University of Washington Rugby Football Club
- Nicknames: Husky Rugby
- Sport: Rugby
- Founded: 1963
- League: USA Rugby
- Conference: Northwest Collegiate Rugby Conference
- Based in: Seattle, Washington
- Arena: IMA Turf Field #1
- Colors: Purple and gold
- Head coach: Will Wheaton
- Website: www.huskyrugby.com

= Husky Rugby Club =

University of Washington rugby team

Founded in 1963, the University of Washington Husky Rugby Club plays college rugby in Division 1 in the Northwest Collegiate Rugby Conference against local rivals such as Washington State and Oregon.
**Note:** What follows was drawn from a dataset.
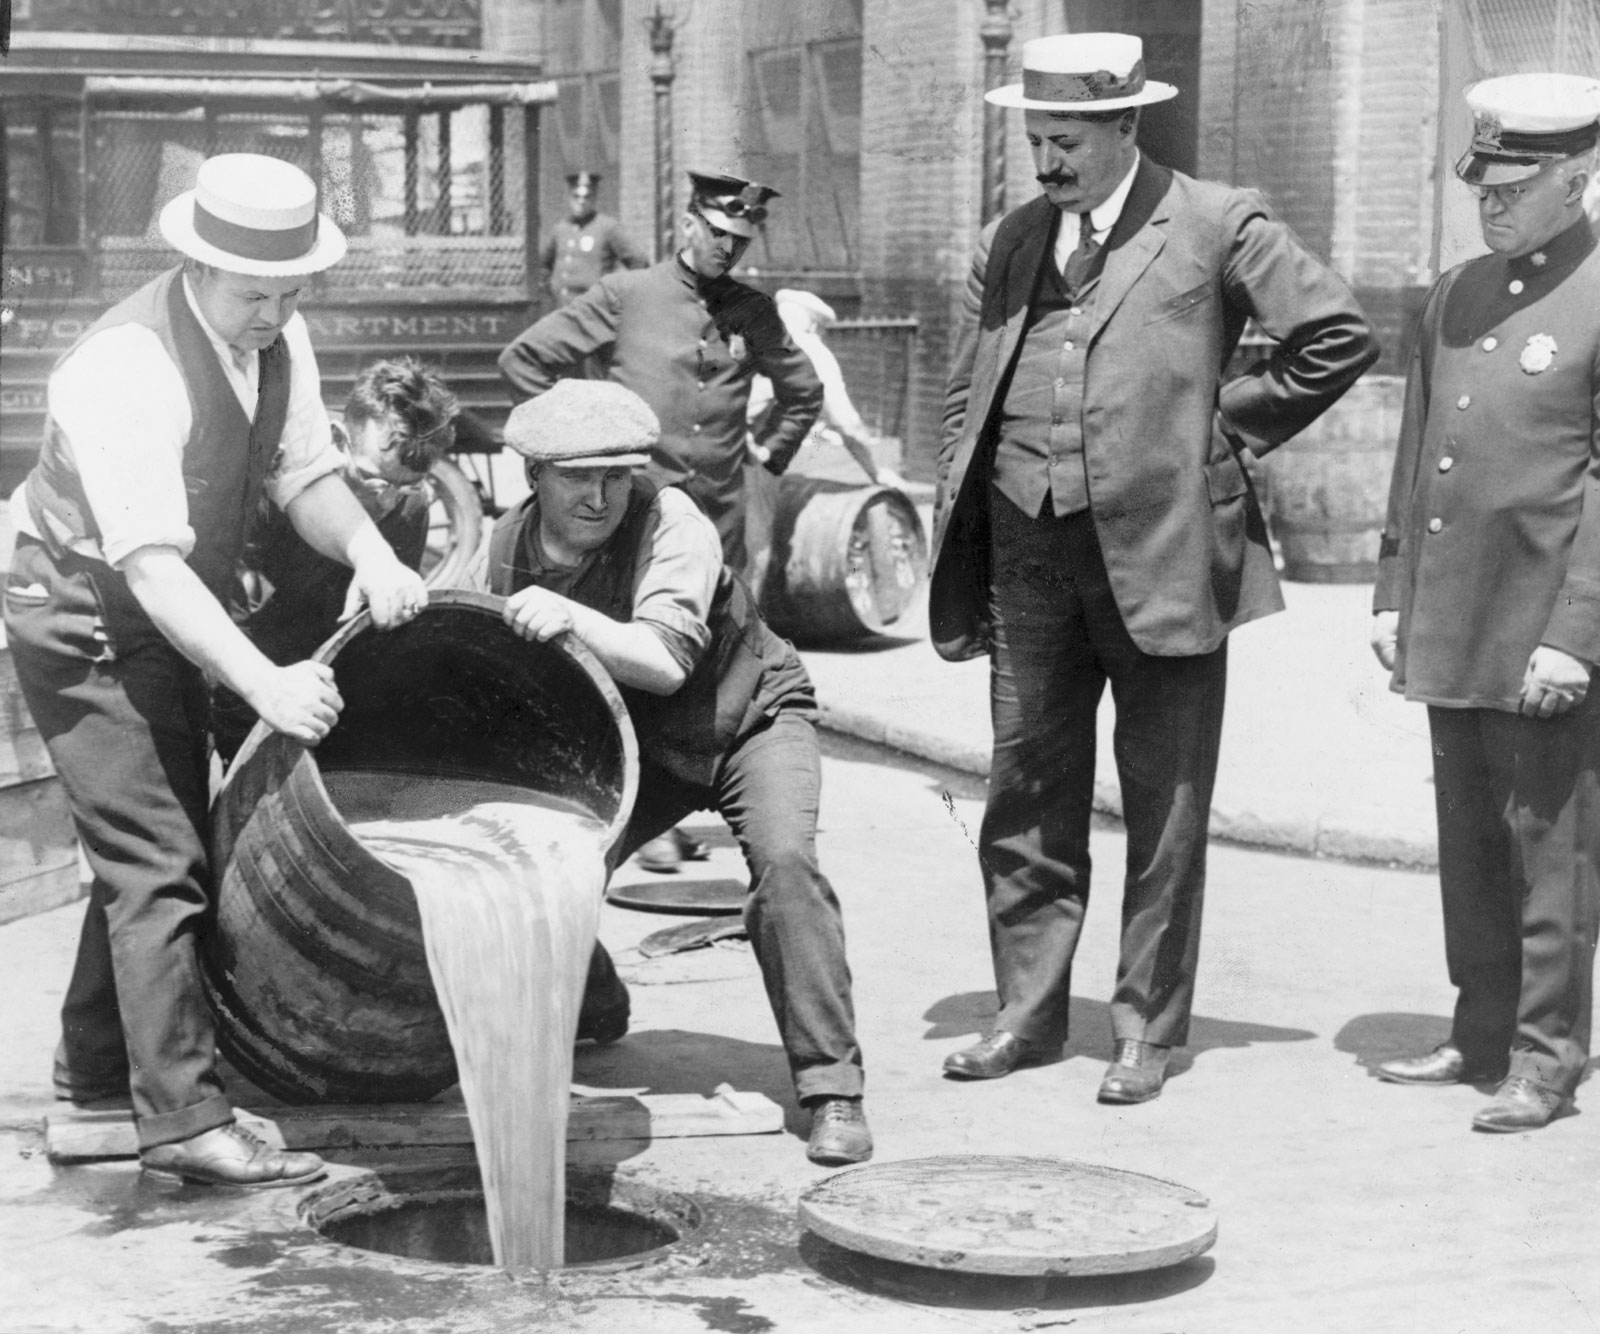 Is Your History Knowledge Better Than the Average Person? prohibition

The Huskies won the Northwest championship in 1996, 2002, 2004 and 2005 and the D1AA Varsity Cup in 2014.

== History of Husky rugby ==
Under the leadership of founding members Dick Jensen, Joe Superfisky, James Decker and others, a newspaper ad was placed in the university paper calling for formation of a university rugby club. Coached by French ex-pat Jacques Cubille, with football jerseys donated by head football coach Jim Owens, the team started the beginning of an over 50-year history.

Founding members: Dick Jensen, Joe Superfisky, and James Decker. The original included the founders and Ev Stitz, Gordon Fouts Hugh Morrison, Pete Rockness, Al Cook, Scott Satterlee, Doug Learman, Jack Huddleston, Graham Bursill, Dick Gadsby, Lori Marlantes, Bruce Winters, Chuck Magsig, and Dave Lush.

== National championships ==
D1AA Varsity Cup Washington 39 Utah Valley University 22

== Decades ==

=== 2000s ===
The Huskies started the decade with a bang winning the PNRFU league championship in 2002, making the Pacific Coast playoffs. In 2003, the Huskies repeated as champions only to lose a heartbreaking match against BYU for entrance to the Sweet 16.